Duke Riley at Magnan Metz gallery’s Armory booth

Magnan Metz gallery picked up on the full-booth trend with a display of rough-hewn, folksy work by Duke Riley. A faux-naif depiction of a tree stump made entirely of cigarettes with different, dun-colored wrappers was immediately charming, as was Invisible Export’s display of paintings by Cary Leibowitz, scrawled with shaky, confessional handwriting. His “SAd” pie chart wouldn’t be out of place in a bedroom on the popular television series Girls.


Cary Leibowitz at Invisible Exports

Liz Magic Laser's promotional materials for Armory 2013 at Various Small Fires

Liz Magic Laser’s promotional materials for Armory 2013 at Various Small Fires

Los Angeles was represented by the recently opened gallery Various Small Fires, which filled its booth with work by Liz Magic Laser. Laser is the 2013 Armory Show’s commissioned artist; she created the brand identity and promotional materials for the fair. The result is a series of hilarious, straight-faced, blandly corporate objects that openly expose some of the fair’s inner workings, quoting price statistics for booths and disclosing the sheer volume of VIP passes on offer (almost 13,000, if you were wondering). On the exterior face of the gallery’s booth was a one-way mirror — you could see out, but not in. Ultimately, that subversive self-criticality, along with diversity, is what the Focus section could have used more of.

The Armory Show 2013 runs from March 7 to 10 at Piers 92 & 94 (12th Ave and 54th Street, West Side, Manhattan). 

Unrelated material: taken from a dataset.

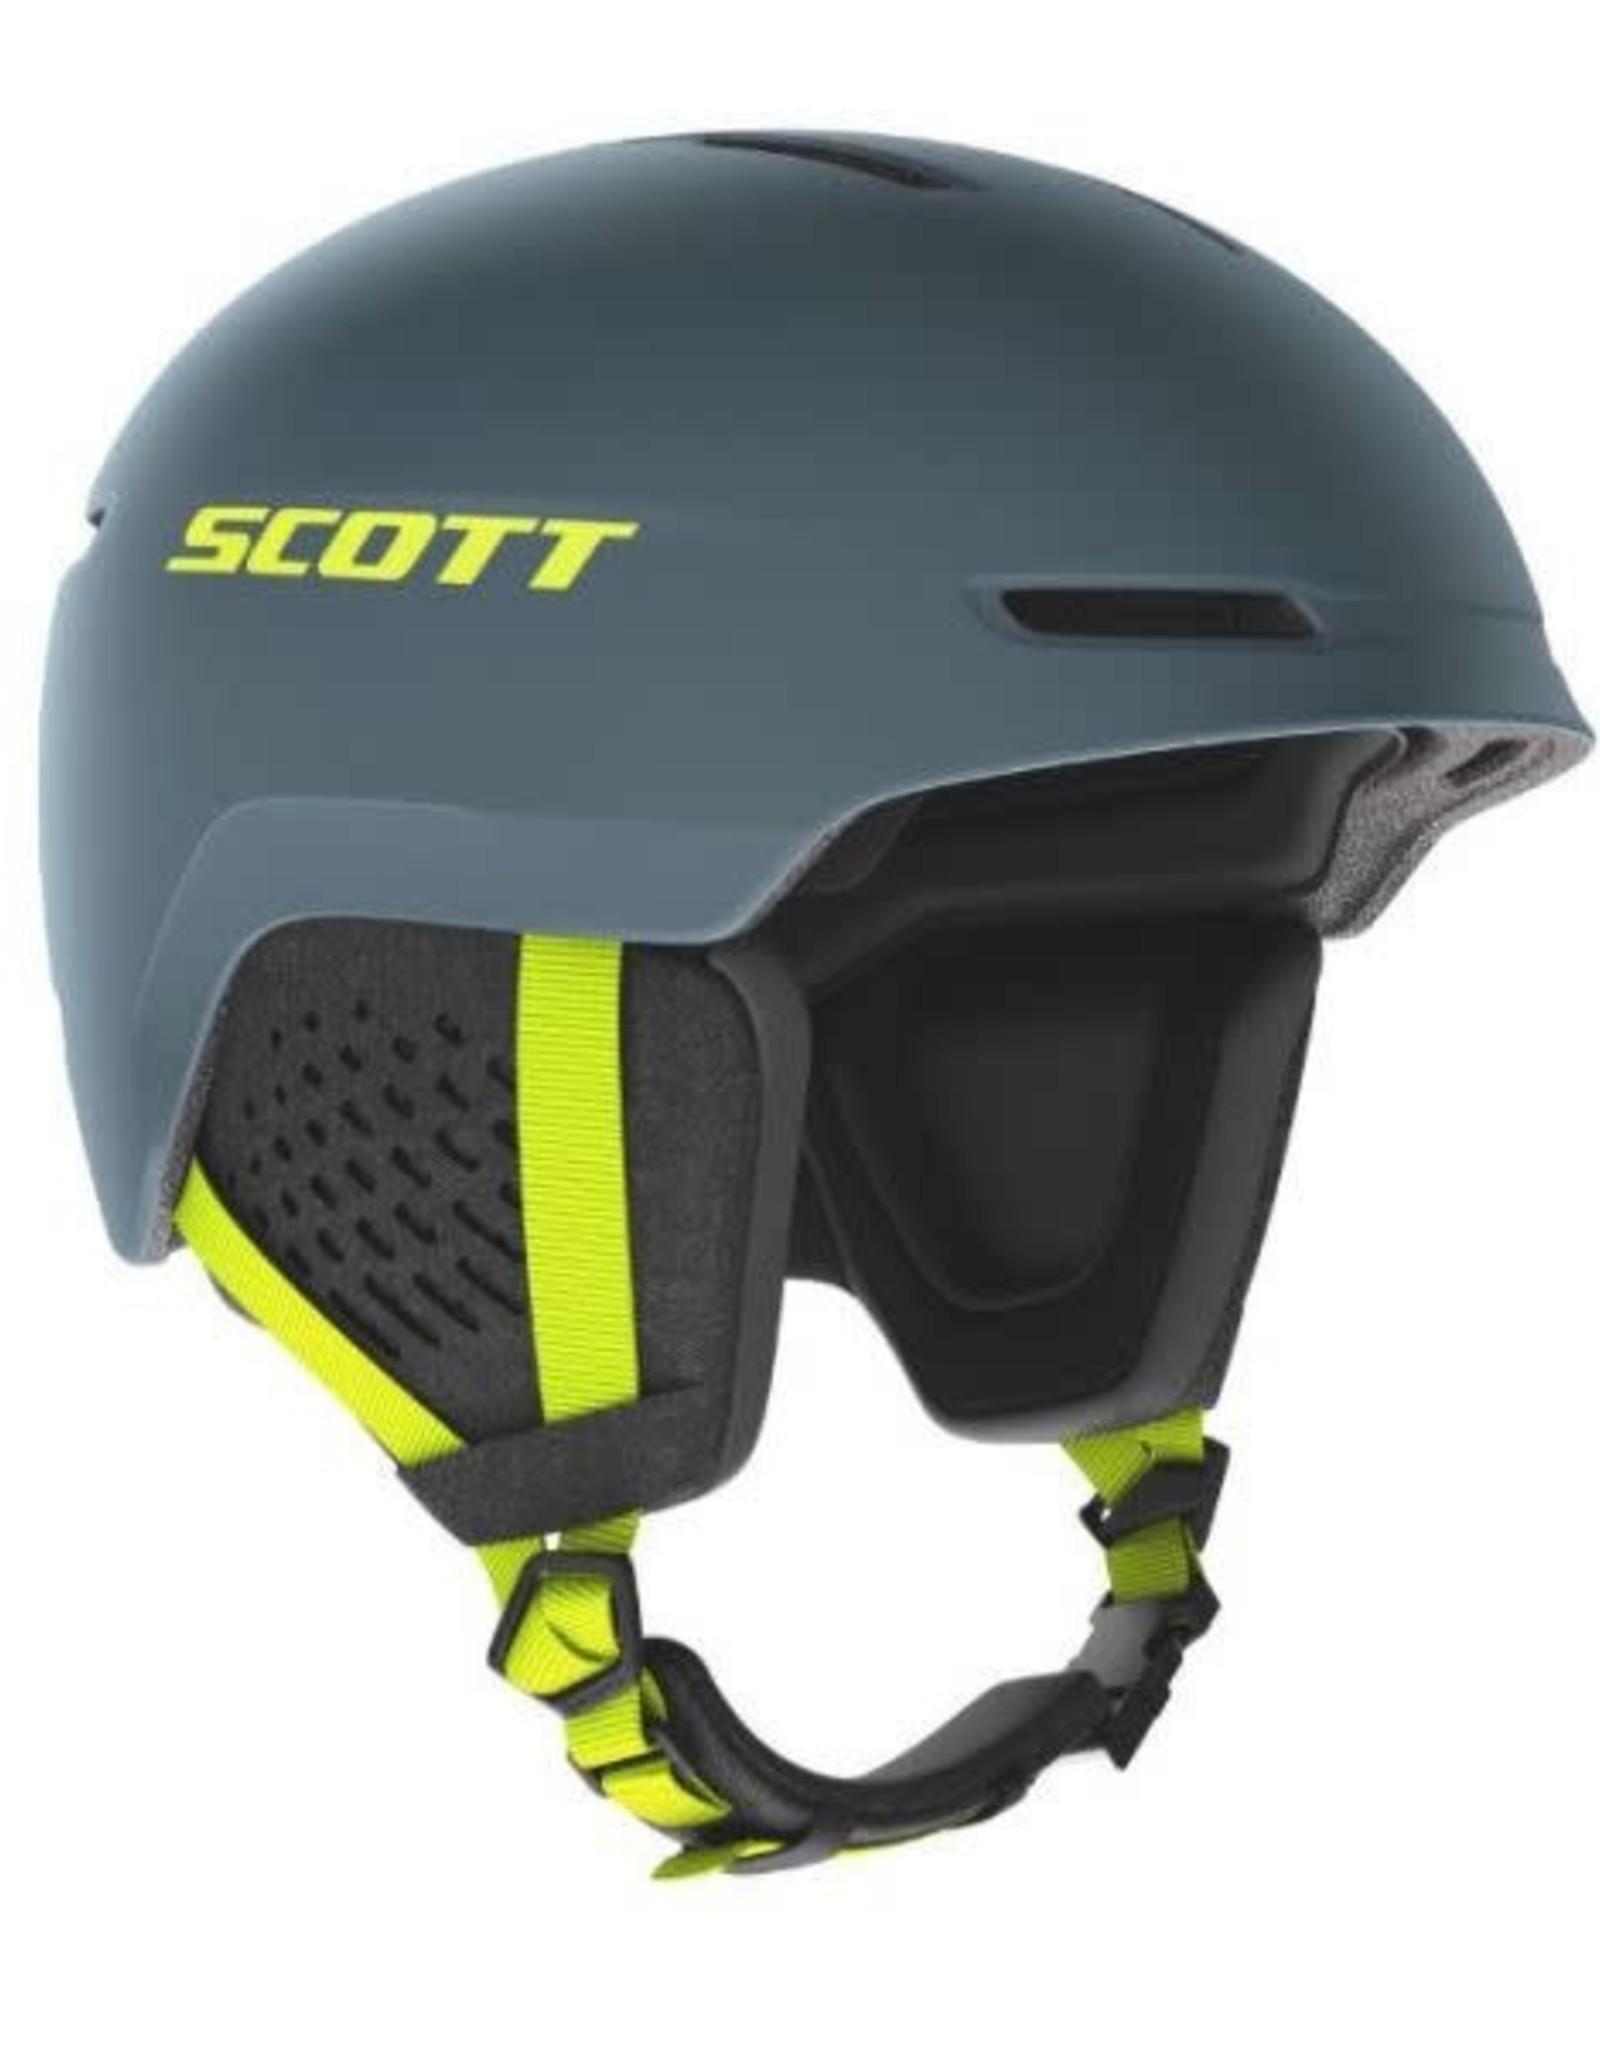 Scott Track Gris /jaune  (S) 51-55cm

Kyle Chayka was senior editor at Hyperallergic. He is a cultural critic based in Brooklyn and has contributed to publications including ARTINFO, ARTnews, Modern Painters, LA Weekly, Kill Screen, Creators...

7 replies on “The United States of Armory”

  1. CUBICLES ARE THE WORST WAY TO HOUSE ANYTHING. Are we this blinded by the pragmatism of art world commerce that we ignore obvious? Compartmentalized art is dead art.

    1. And good art in your closet is what? It would be awesome if everything was shown to best advantage in a top flight space, but sometimes you got to work with what you got.

      1. The perspective that any opportunity to sell work is a gift not to be inspected no matter how ass backwards is of the dis-empowered. If something is blatantly wrong in how works are displayed we should criticize it. The problem is not just the parameters of each cubicle but what is implied in the armory show. Many people go to see a cross section of contemporary art and it is presented as such, yet works have no real potential there. There is a quick pace to the viewing experience and a charged social atmosphere that is fed by the intermingling of classes and the presence of great wealth. This makes the immediate surface qualities of works stand out as they take a on a role similar to set pieces in an already fraught performance.